The present snaps back. He’s closer now. I can feel his heat. His breath. The way his gaze drops to my mouth. Just for a second. Then back up. I feel it. Like a brand. Like a promise.

“I’m sorry,” he says. Voice low. Rough. Like gravel and smoke. “About your mother. I heard this morning. I would’ve come sooner, but the estate lawyer made me wait for the reading. Didn’t know the funeral was today.”

I nod. Once. Sharp. “Yeah.”

His jaw tightens. A muscle flickers. He doesn’t like my tone. Good. I’m not here to be polite. I’m not here to play nice. I’m here because I have to be. Because grief doesn’t care about old wounds. Because my mother wouldn’t want me running from the truth.

“You didn’t tell anyone I was coming back,” he says. Not an accusation. A statement. Heavy. Measured.

“I didn’t know,” I lie. My sister texted me an hour ago. But I don’t care. I don’t want him here. I don’t want him looking at me like that.

He steps closer. The space between us shrinks. Rain slides down his jaw. His eyes drop to my throat. Then my lips. Then back to my eyes. Like he’s memorizing me. Like he’s claiming me.

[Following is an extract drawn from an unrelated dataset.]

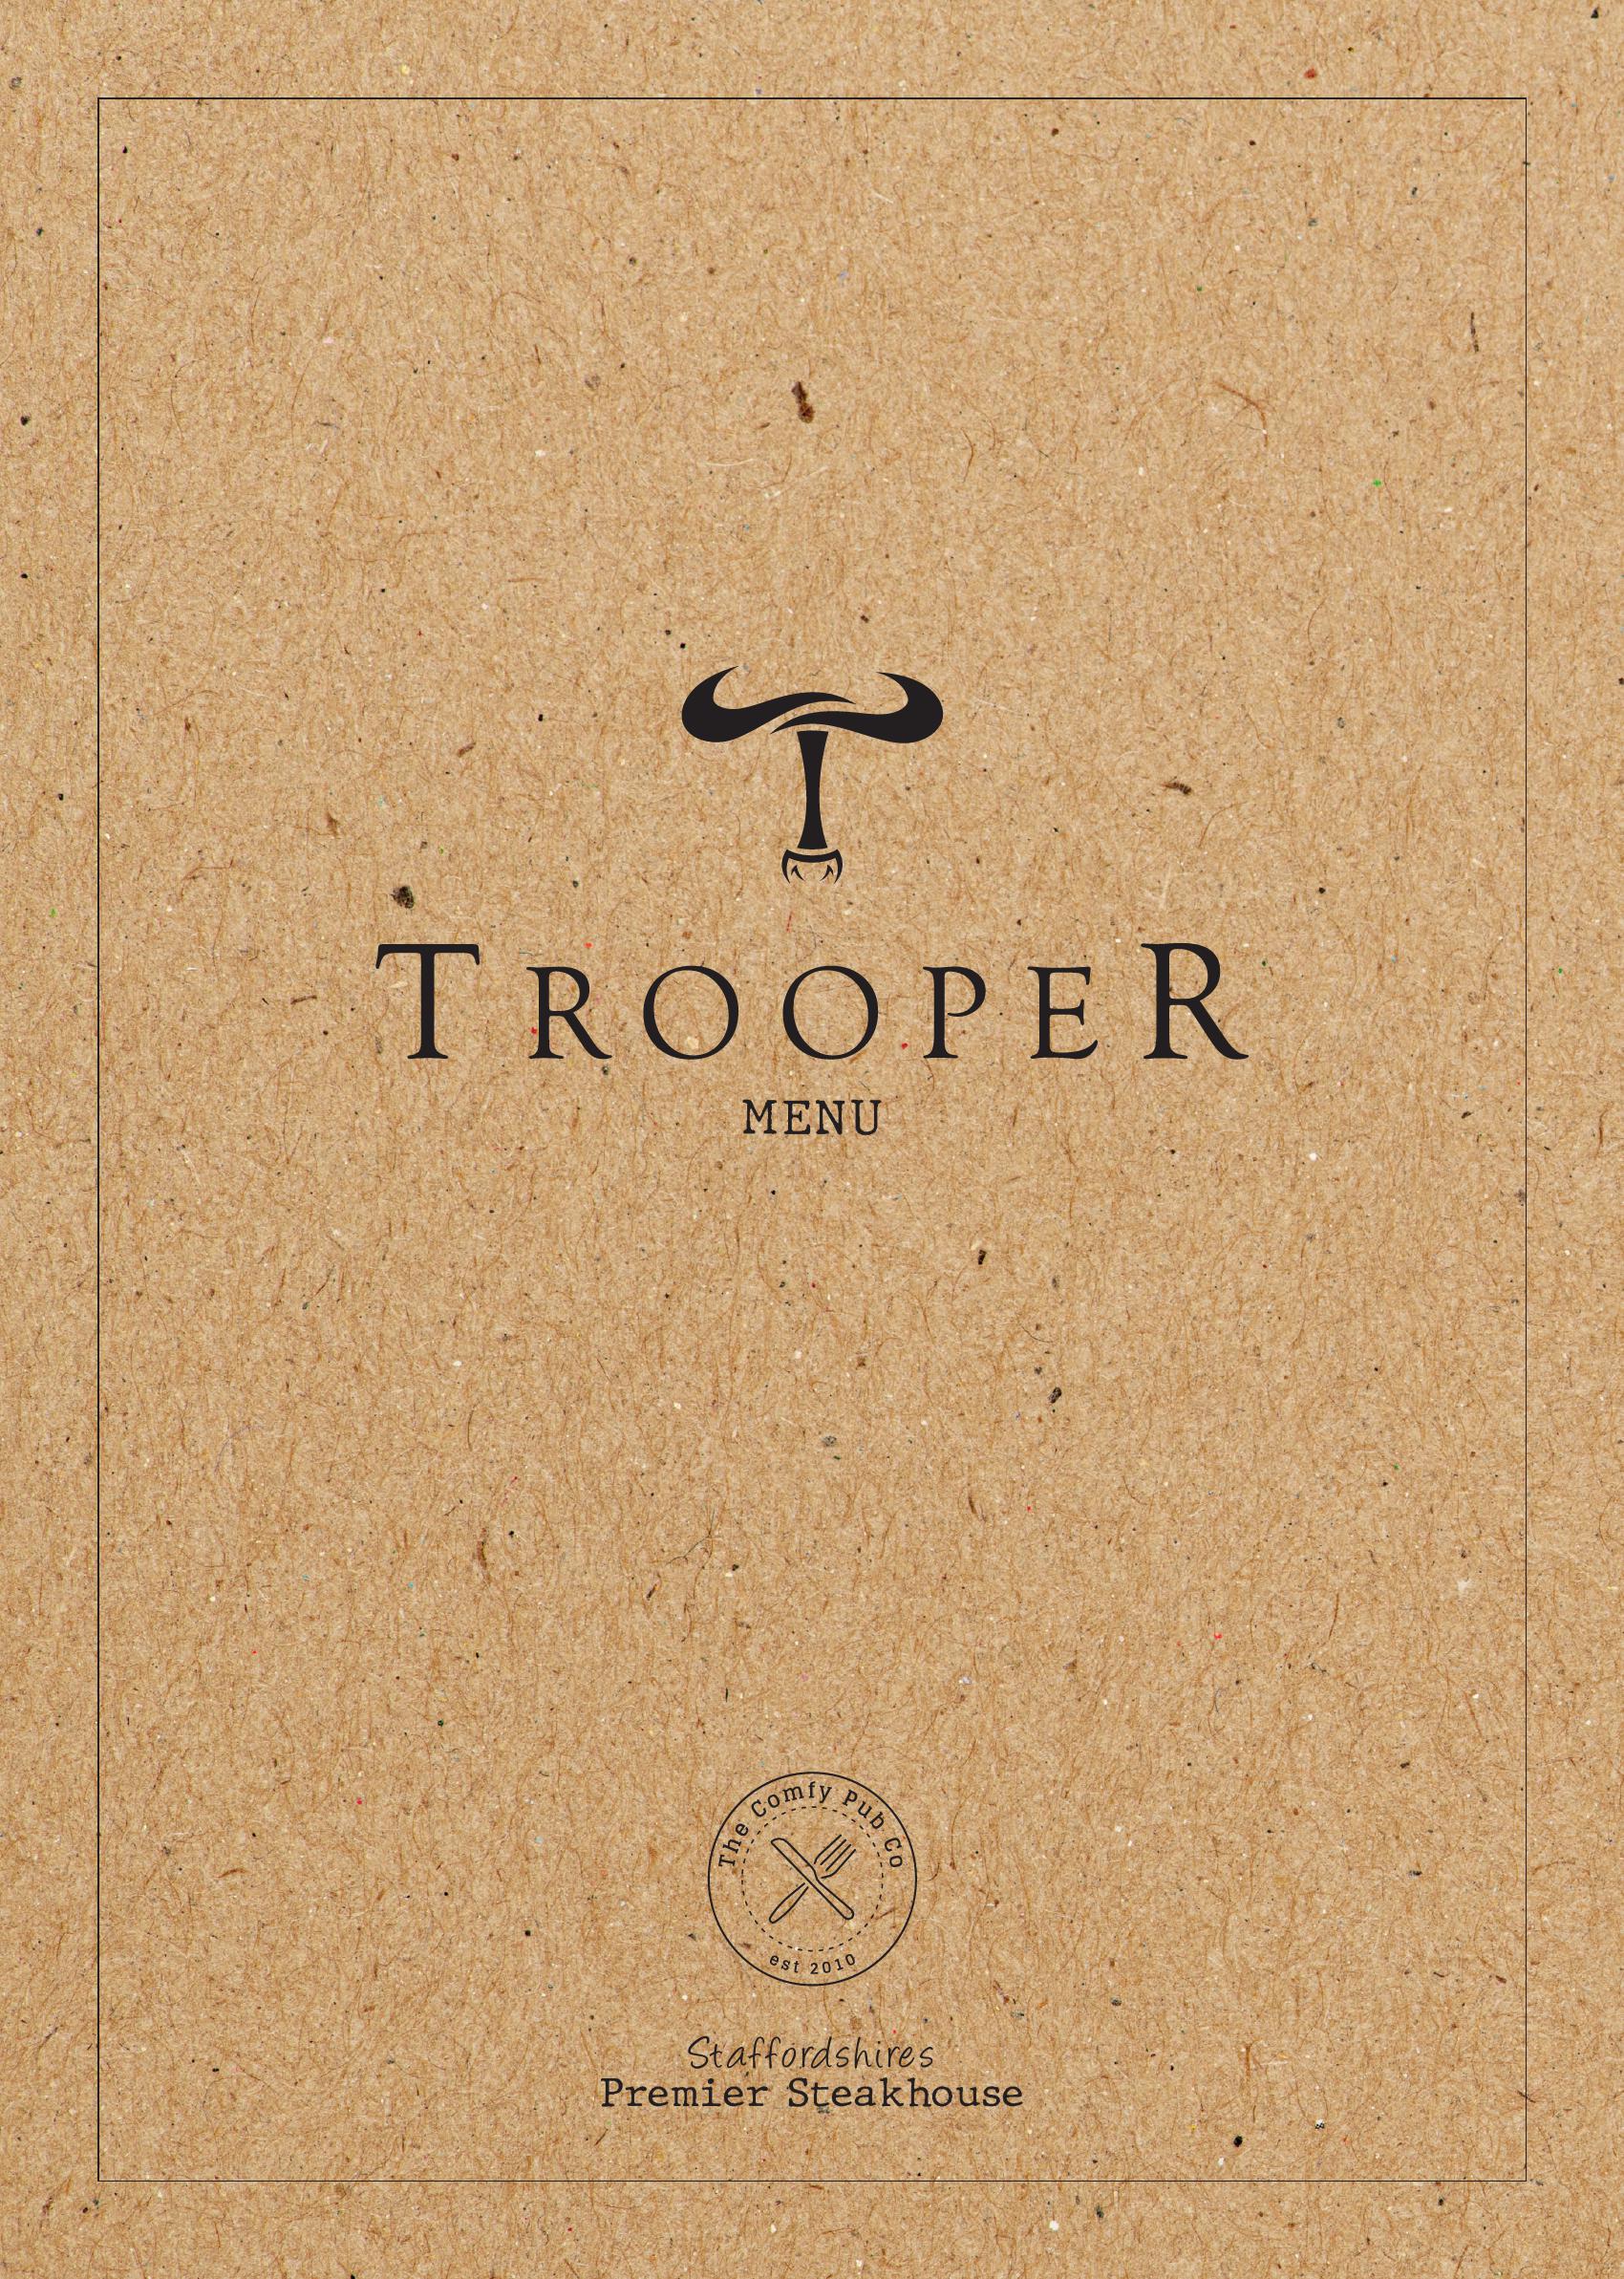 The Trooper - main menu

“I got the letter,” he says. “About the property. My father’s will.”

“So you’re back.”

“I’m here.”

“To settle the estate.”

“To be here.” He doesn’t blink. “That’s what matters.”

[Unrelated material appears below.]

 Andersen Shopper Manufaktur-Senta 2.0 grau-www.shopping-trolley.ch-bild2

My breath hitches. He knows what he’s doing. Or maybe he doesn’t. Maybe it’s instinct. Maybe it’s hunger. Maybe it’s the same hunger that made him leave and the same hunger that made him return.

He reaches out. Stops an inch from my face. Doesn’t touch. Just hovers. Like he’s afraid I’ll vanish. Like he’s afraid I’ll push him away.

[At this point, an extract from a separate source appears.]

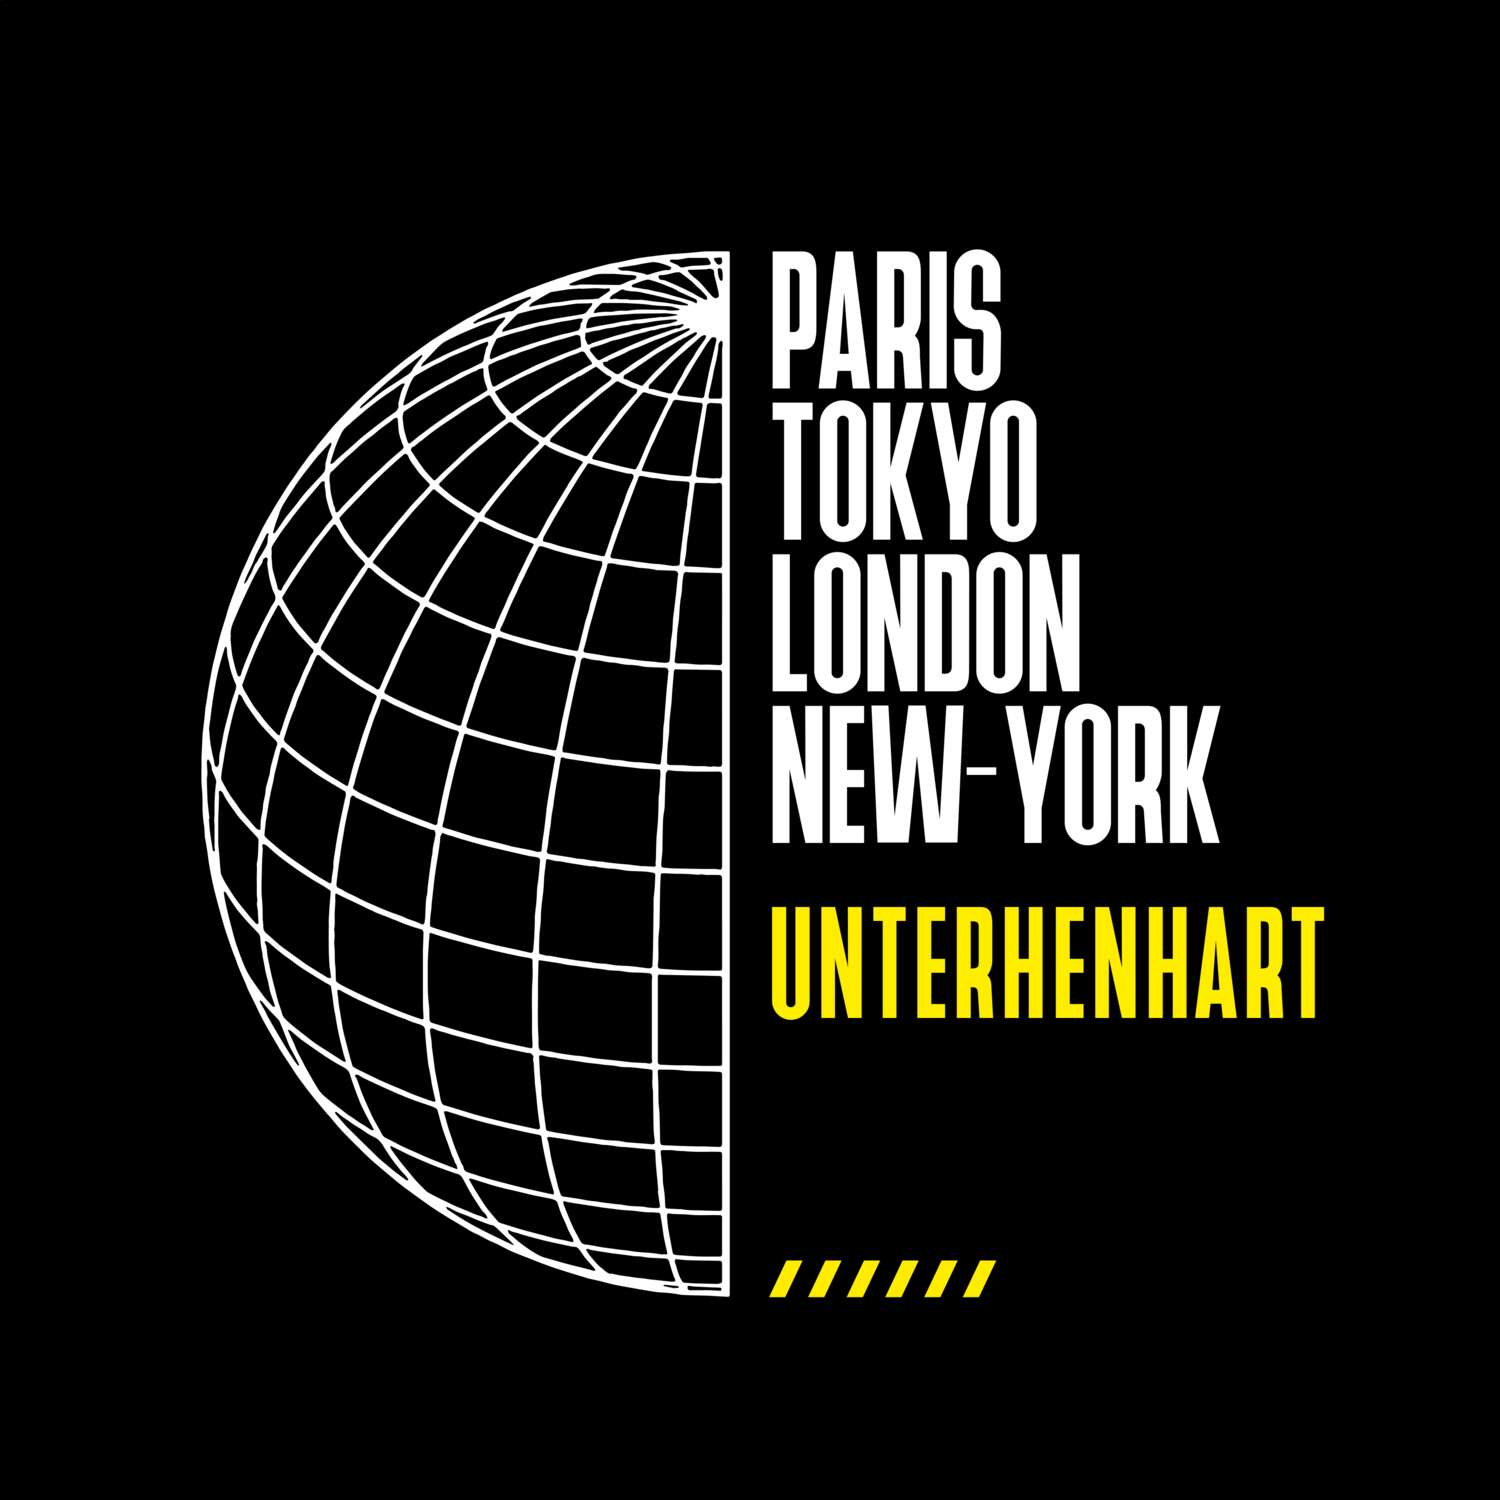 Unterhenhart T-Shirt »Paris Tokyo London«

“I left,” he says. Voice rough. “I know I left. I know I fucked up. I know I broke you. But I’m back. And I’m not leaving again.”

I stare at him. At the man who shattered me and walked away. At the man who now stands in the rain, looking at me like I’m the only thing keeping him alive. The grief for my mother wars with the storm in my chest. And beneath it all, something else. Something dangerous. Something I thought died with him.

Desire.

Hate.

Need.

He leans in. Just slightly. His voice drops. “Ten years, Em. Ten years of silence. Ten years of wondering if you’d look at me like this again. Like I’m the only real thing in the room.”

My lips part. I want to speak. I want to tell him to get the fuck away. I want to tell him I don’t need him. I want to tell him he doesn’t get to come back and act like he’s earned this. But I don’t. Because his eyes are on mine. Dark. Heavy. Possessive. And in them, I see it. The Marine. The scarred man. The boy who loved me like a lifeline. The man who left and regrets it every second.

He steps closer. Our chests nearly touch. I can feel his heat. His breath. The way his gaze drops to my throat, then my lips, then back to my eyes. Like he’s memorizing me. Like he’s claiming me.

“I’m not asking for forgiveness,” he says. Voice low. Rough. “I’m telling you I’m here. And I’m not letting you go again.”

The rain falls. The cemetery is quiet. The mourners have moved on. But here, at the edge of the pines, time stops. He looks at me. I look at him. And in that silence, ten years collapse. The girl I was. The woman I am. The man who left. The man who returned. All of it crashes into this single, breathless moment.

He doesn’t touch me. He doesn’t need to. His eyes say it all. *You’re mine. You always were. I’m coming back for you.*

I don’t look away. I can’t. Because for the first time in ten years, I’m not running. I’m standing. And he’s here. And the air between us is thick with everything we never said. Everything we never finished. Everything we’re about to burn down.

His gaze doesn’t waver. Mine doesn’t either. And in that locked stare, the past dies. The future begins.